On Wed, Oct 29, 2014 at 2:30 PM, Thomas Preud'homme
<thomas.preudho...@arm.com> wrote:
>> From: Richard Biener [mailto:richard.guent...@gmail.com]
>> Sent: Wednesday, October 08, 2014 8:27 AM
>>
>> I wouldn't worry about that too much.  Indeed the question would be
>> what
>> should be canonical on GIMPLE (expanders should choose the optimal
>> vairant from both).  I think a tree code should be always prefered to a
>> builtin function call - which means a rotate is more canonical than a
>> bswap16 call.
>
> Below is the updated patch.
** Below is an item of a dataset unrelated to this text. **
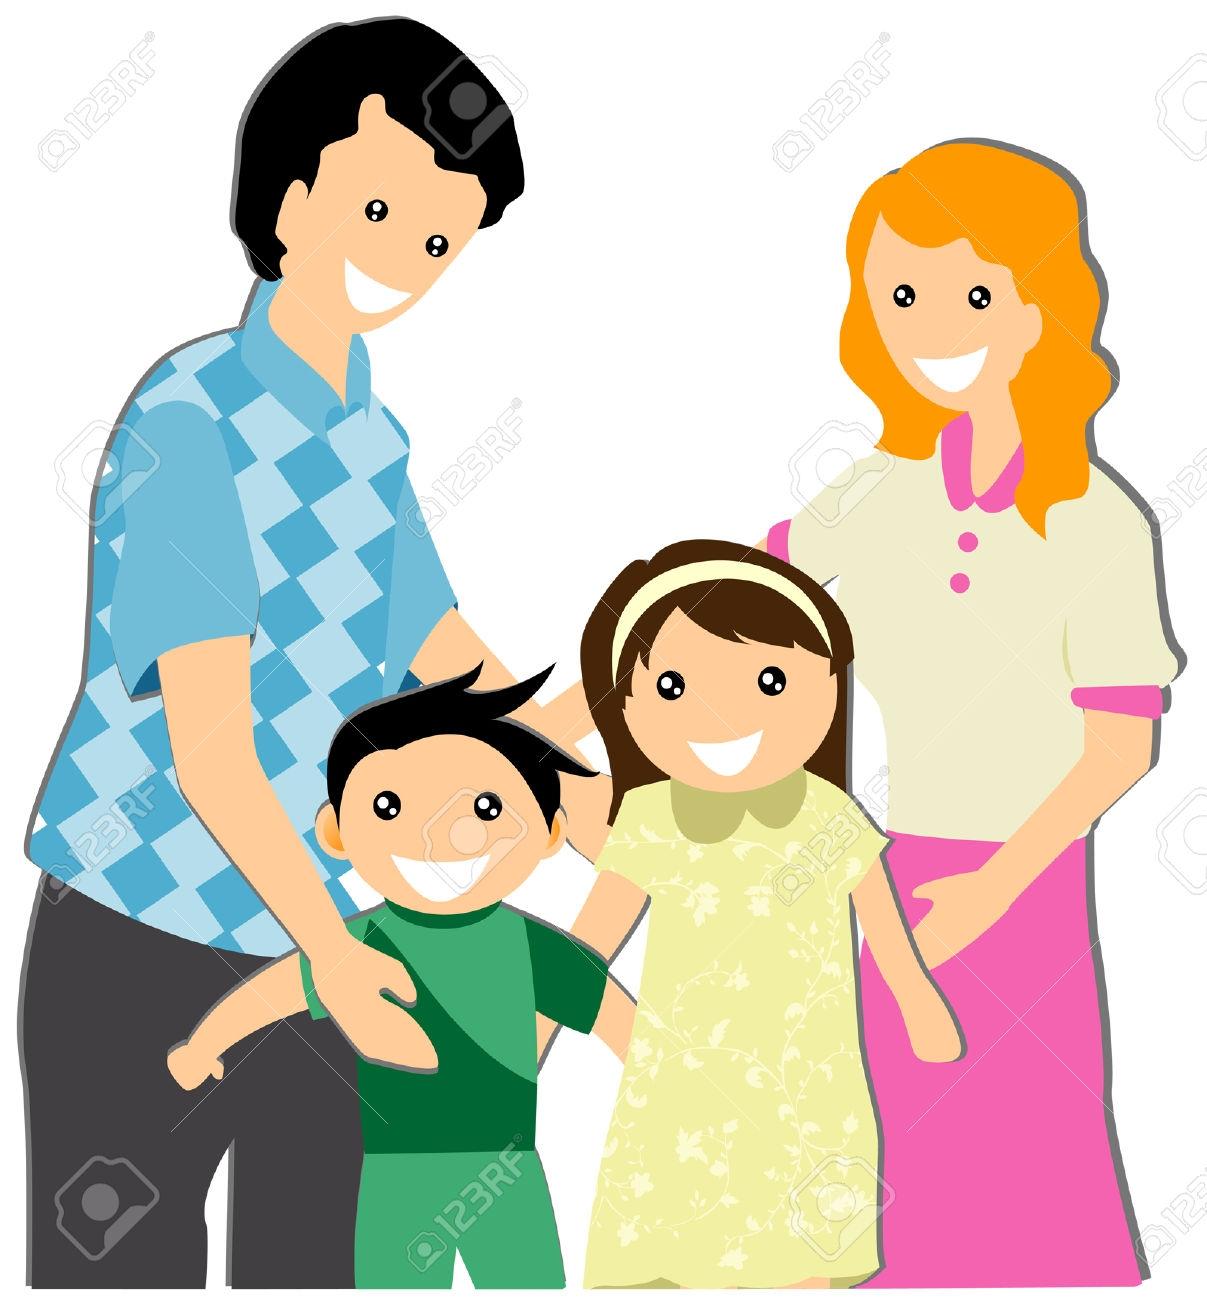 1207x1300 Hug Clipart Unhappy Family

ChangeLog entries are as follows:
>
> *** gcc/ChangeLog ***
>
> 2014-10-29  Thomas Preud'homme  <thomas.preudho...@arm.com>
>
>         PR tree-optimization/63259
>         * tree-ssa-math-opts.c (bswap_replace): Replace expression by a
>         rotation left if it is a 16 bit byte swap.
>         (pass_optimize_bswap::execute): Also consider bswap in LROTATE_EXPR 
> and
>         RROTATE_EXPR statements if it is a byte rotation.
>
>
> *** gcc/testsuite/ChangeLog ***
>
> 2014-10-29  Thomas Preud'homme  <thomas.preudho...@arm.com>
>
>         PR tree-optimization/63259
>         * optimize-bswapsi-1.c (swap32_f): New bswap pass test.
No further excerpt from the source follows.